Example 6 19.2 g of 1-oxo-1-phenyl-3-methylphospholine (0.1 mol) and 20 g of methyl hydrogen polysiloxane are added for 2 hours while stirring with a vibromixer heated to 2400 C. Then it is extracted with benzene and fractionally distilled. Yield of l-phenyl-3-methylphospholine: 15.5 g corresponds to 880 / o of theory, bp ,,,,, 79 to 80 "C.

Analysis: Calculated ... C 75.9, H 7.39, P 17.6; found ... C 74.7, H 7.1, P 17.5.

For identification, this compound was reacted with CH3J to give l-phenyl-l-methylphospholinium iodide of the formula Analysis: Calculated ... C 45.3, H 5.07, P 9.76; found ... C45.1, H5.1, P9.9.

Example 7 7.6 g of tri-o-anisylphosphine oxide (M.p. 222 "C), 5 g of methylhydrogen polysiloxane and 50 ml of diphenyl ether are heated to 220 to 260 ° C. for 3 hours.

It is then extracted with benzene, and the benzene is distilled off. 2.6 g of trianisylphosphine precipitated in the residue.

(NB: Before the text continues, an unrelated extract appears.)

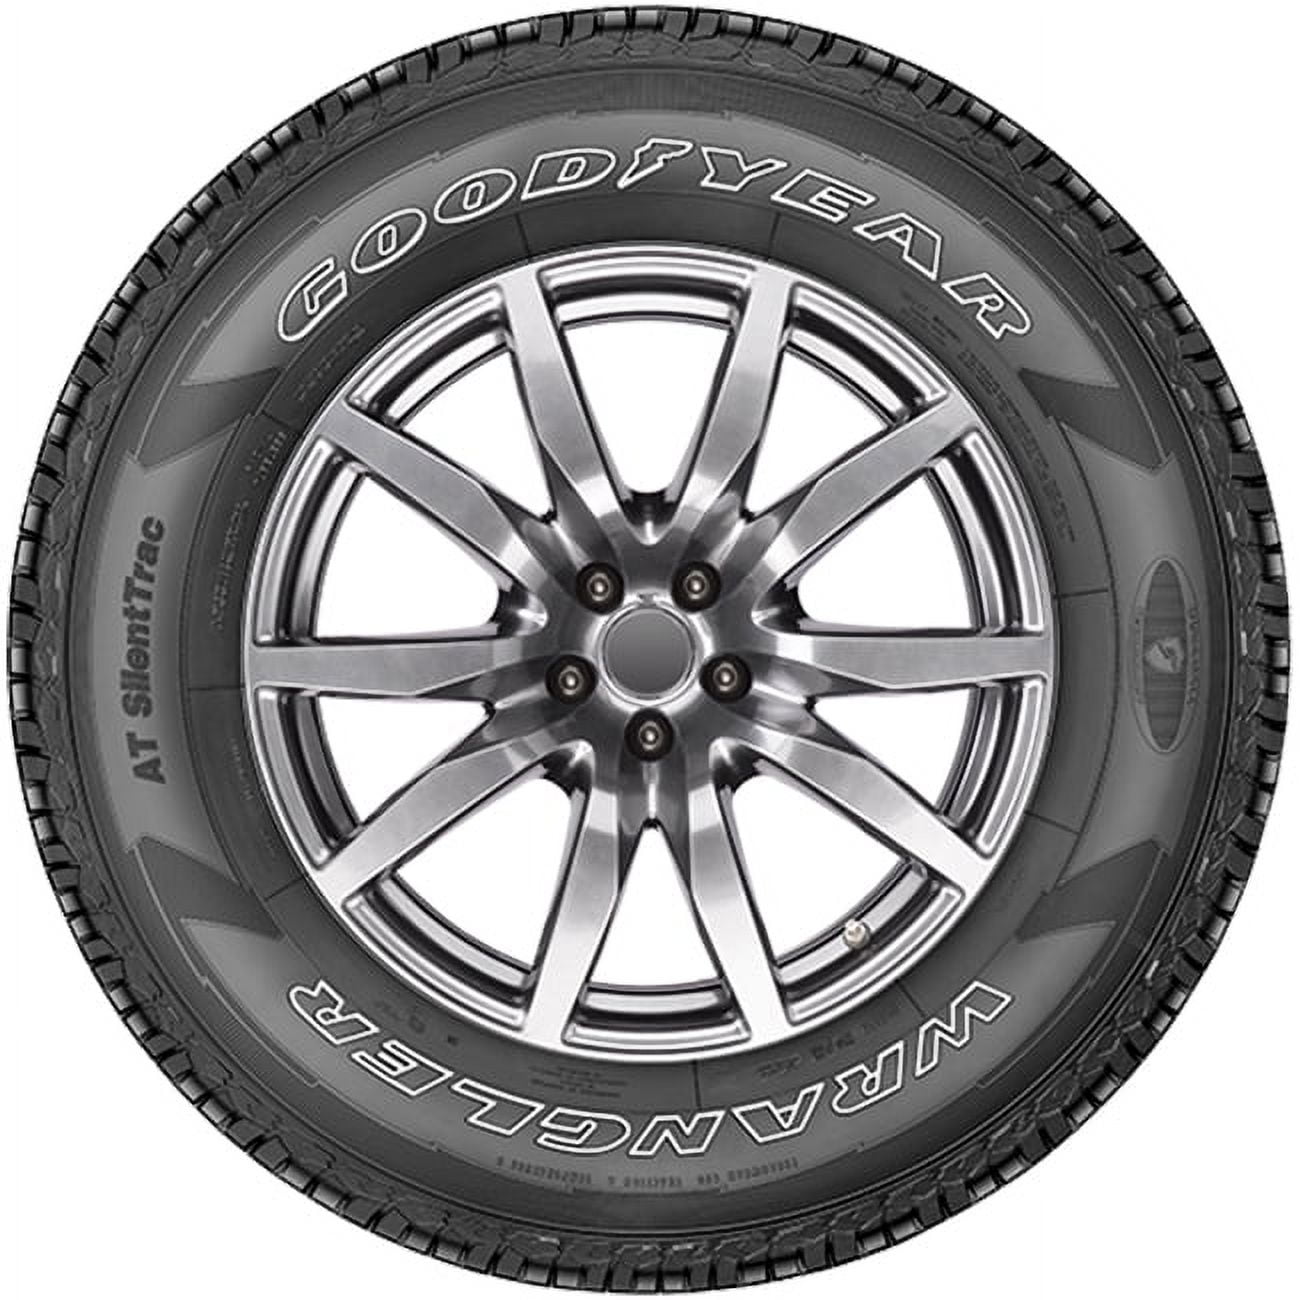 Tire Goodyear Wrangler AT SilentTrac 245/70R16 111T XL A/T All Terrain

F. 204 ° C, corresponds to 33.5 0 /, the theory.

Example 8 11 g of tri-n-butylphosphine oxide (0.05 mole) and 10 g of methyl hydrogen polysiloxane are heated to 200 ° C. for 1.5 hours while stirring with a vibromixer.

Tri-n-butylphosphine is distilled off at 113 to 121 ° C / 14 Torr. Yield 6.6 g, 65% of theory.

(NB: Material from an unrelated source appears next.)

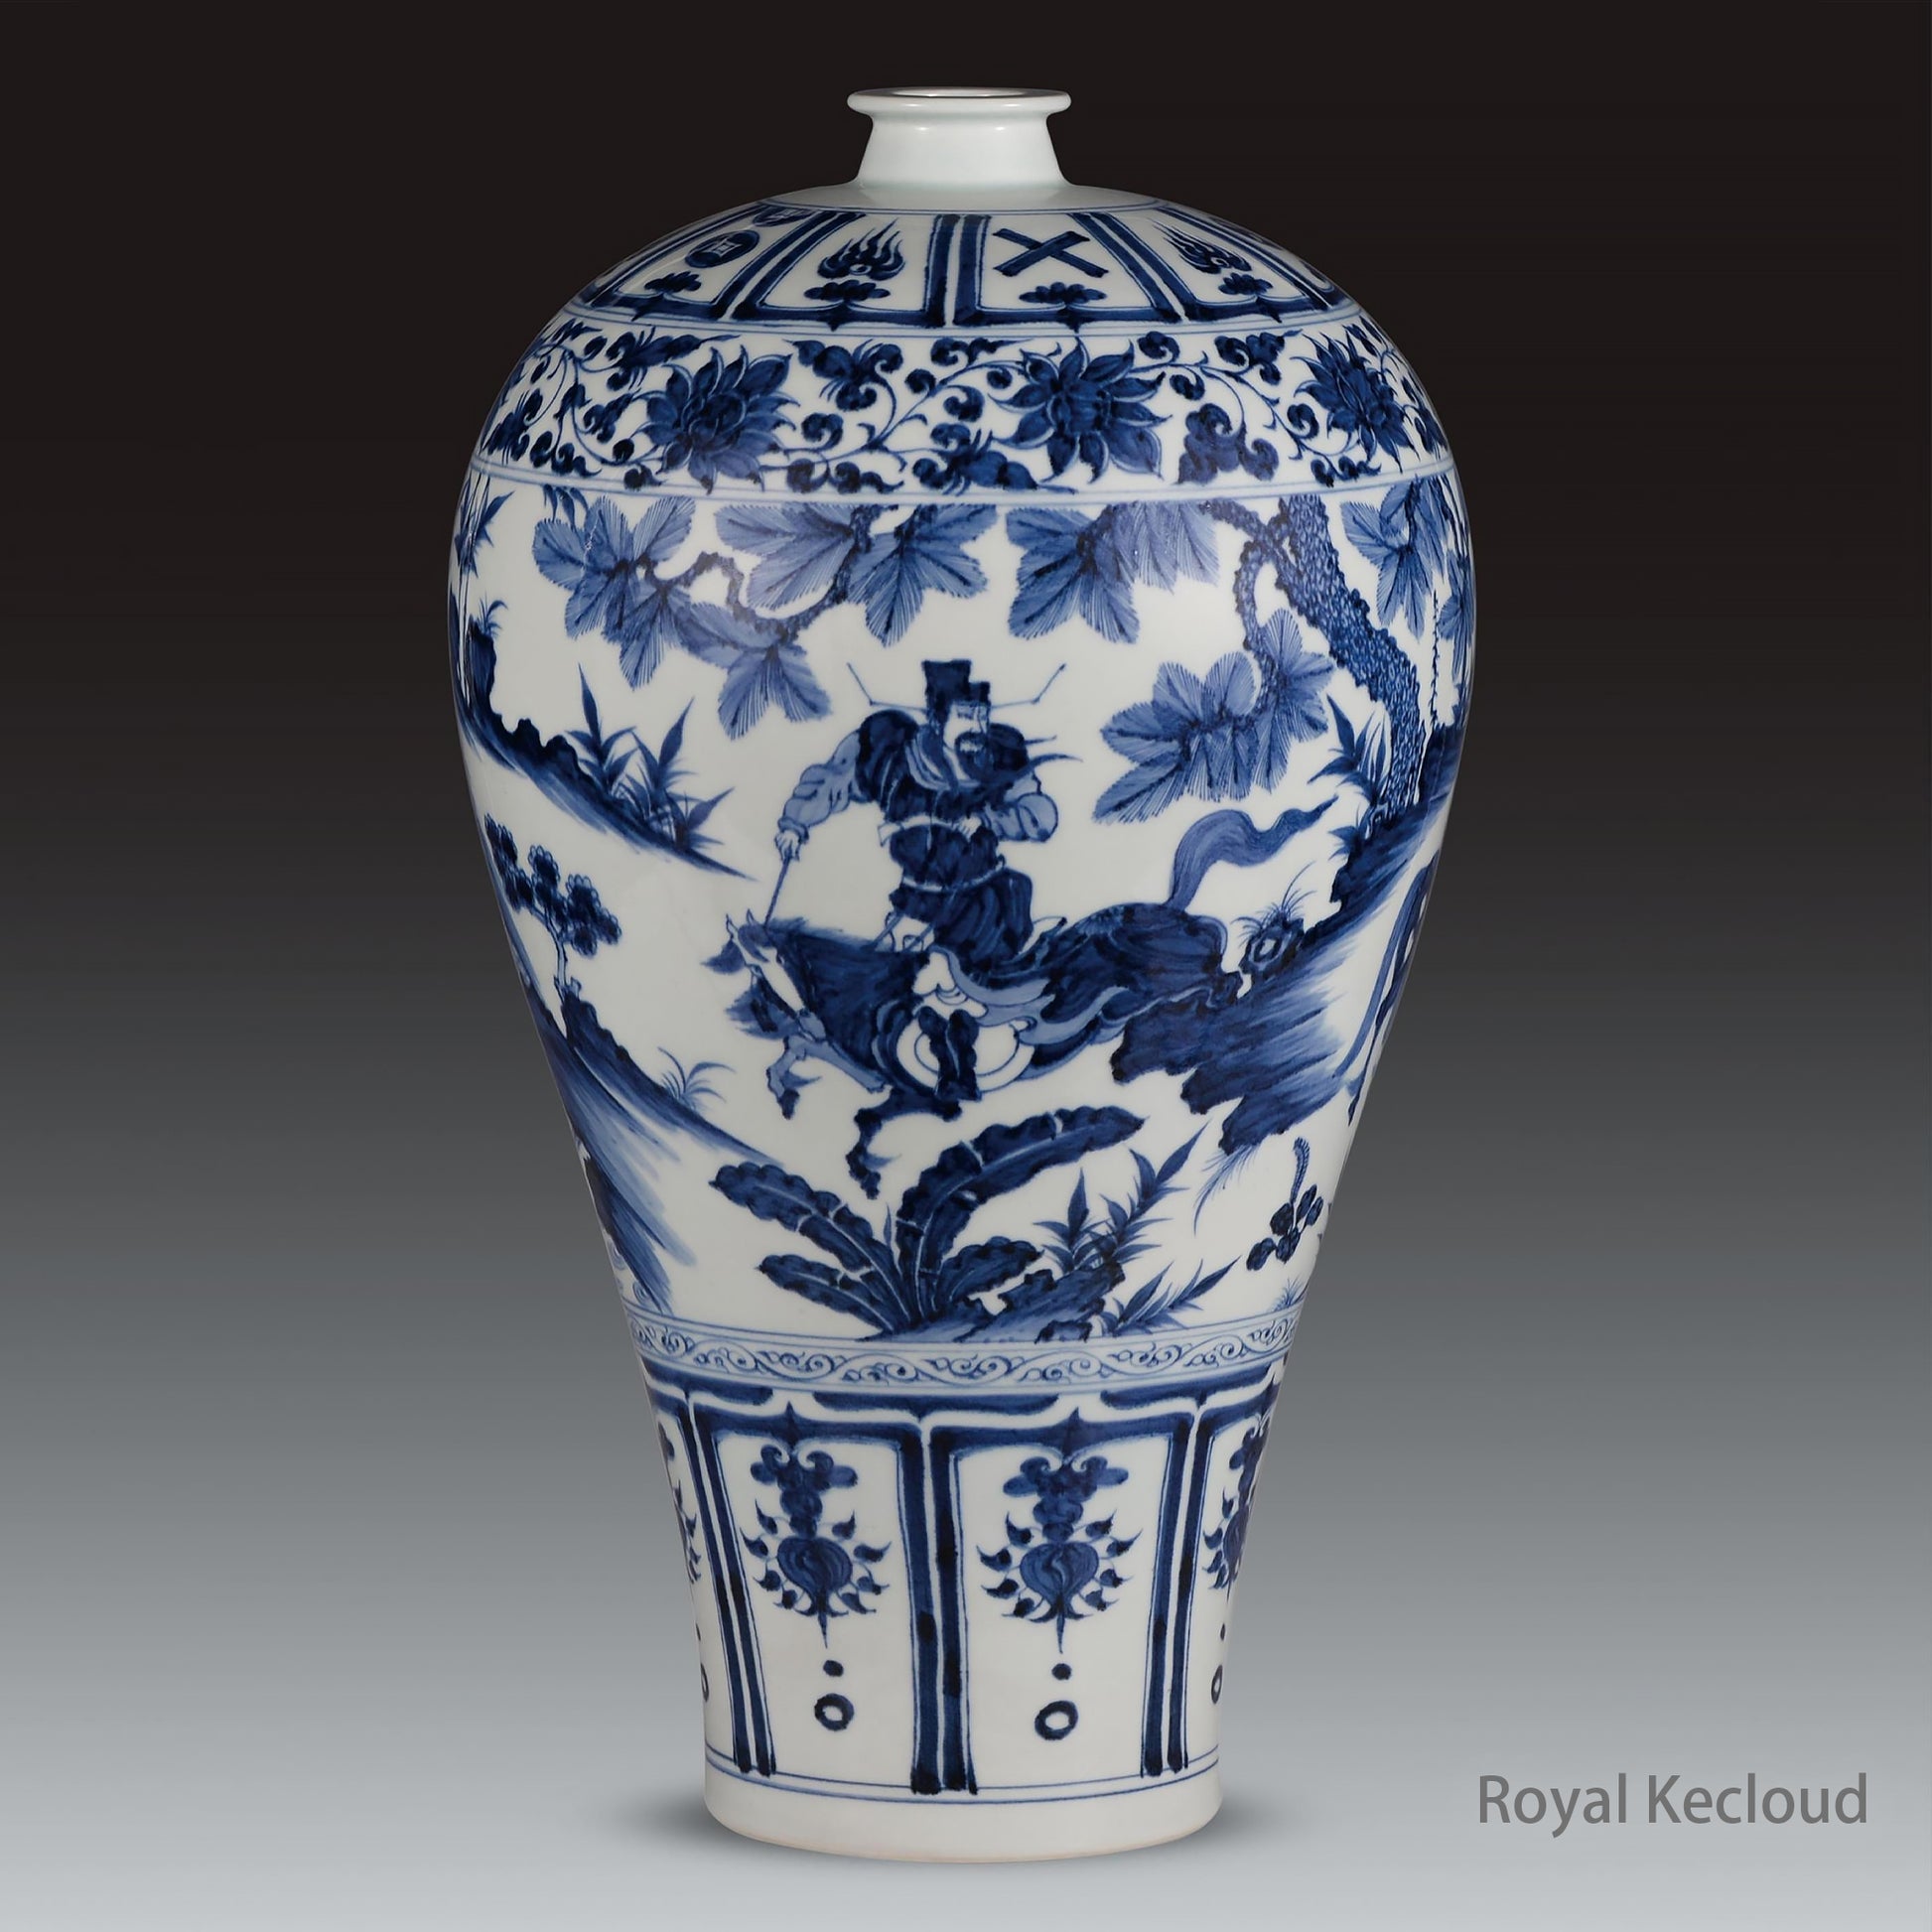 A Rare Yuan Blue and White Prunus Vase, 'Xiao He Yue Chasing Han Xin', Yuan Dynasty

This compound was identified with methyl iodide to form tri- (n-butyl) methylphosphonium iodide, F. 135 "C.

Example 9 15 g of tricyclohexylphosphine oxide (0.05 mole) and 10 g of methyl hydrogen polysiloxane are heated to 270 to 3000 C for 1 hour while stirring with a vibromixer. It is then extracted with hot petroleum ether and suctioned off from the polymeric siloxane and carbon disulfide is added to the petroleum ether solution. Red crystals fall of the tricyclohexylphosphine - carbon disulfide adduct.

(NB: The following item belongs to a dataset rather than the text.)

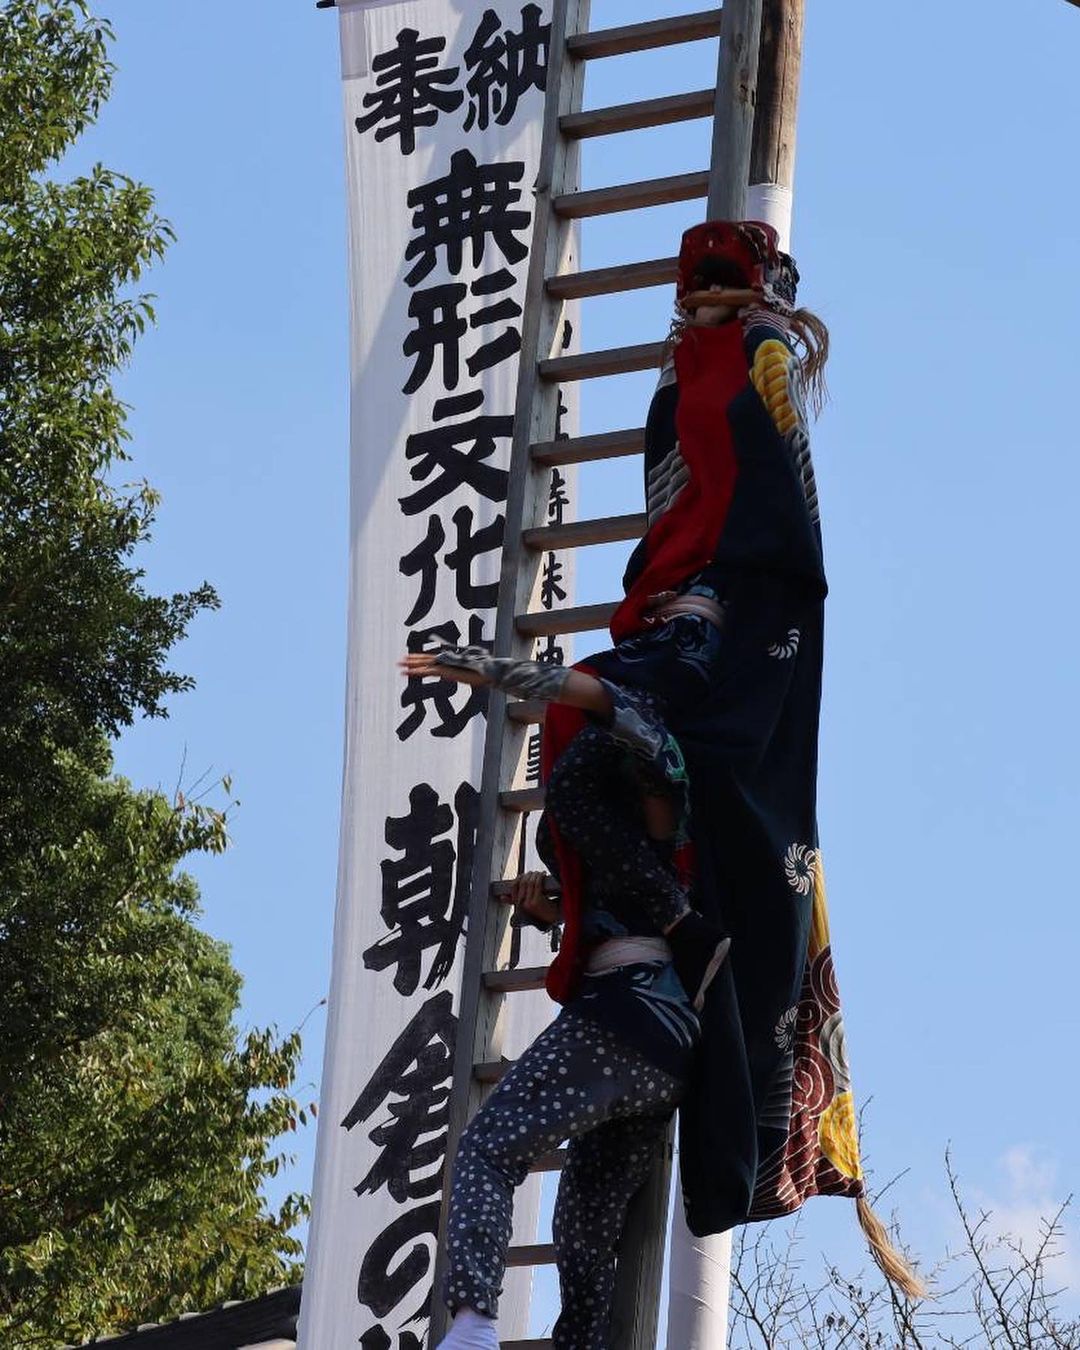 知多市朝倉の牟山神社の「梯子獅子」を観覧

These were filtered off with suction and washed several times with petroleum ether. yield 12 g, corresponds to 65% of theory. M.p. 117 "C (from methanol).

Example 10 20.85 g (0.075 mole) triphenylphosphine oxide and 5.4 g phenylsilane (0.05 mol) are heated to 120 ° C. for 2 hours. It is then recrystallized from methanol. Yield 16 g triphenylphosphine, corresponds to 82% of theory. F. 78 "C.

Example 11 To triphenoxysilane, which by dropwise addition of 13.5 g of silicochloroform to a benzene solution of 28.2 g of phenol and distill off of benzene was obtained, 14.0 g of triphenylphosphine oxide were added. After 2 hours The reaction mixture was heated to 2500 ° C. and poured into 400% strength NaOH. The unusual one Triphenylphosphine was filtered off with suction, washed with water and recrystallized from ethanol. Yield 11.2 g (840 / o). F. 78 "C.

Example 12 12.0 g of allyldiphenylphosphine oxide (m.p. 94 to 95 ° C, boiling point 2 200 to 202 ° C) and 11.0 g of methyl hydrogen polysiloxane were mixed thoroughly and held at 250 to 2700 ° C. under nitrogen for 3 hours. After cooling it was Allyldiphenylphosphine from the gel-like reaction mass in a water jet vacuum distilled off. Yield 11.0 g, corresponds to 98.3% of theory. Boiling point at 12 Torr 176 "C (literature: Boiling point at 15 torr 194 to 200 ° C).

Claims (2)

Claims: 1. A process for the preparation of tertiary phosphines by reducing the corresponding phosphine oxides, characterized in that a phosphine oxide of the general formula R (R ') (R ") P = 0 in which R, R' and R" are the same or various alkyl, alkenyl, cycloalkyl, cycloalkenyl, aryl, o-anisyl, aralkyl or alkaryl radicals, where R and R 'together with the phosphorus atom represent the phospholine ring of the general formula which is optionally substituted by the methyl group can form, reacts with an organic silicon compound which contains one or more Si-H bonds at elevated temperature. 2. The method according to claim 1, characterized in that the Reaction with an organic hydrogen polysiloxane, in particular with methyl hydrogen polysiloxane performs. Documents considered: German Auslegeschrift No. 1,031,520; U.S. Patent No. 2,727,880; Journal of Inorganic and General Chemie, 299, 1959, pp. 58 to 68; Comptes rendus hebdomadaires des seances de I'academie des sciences, 245, 1957, pp. 906, 907.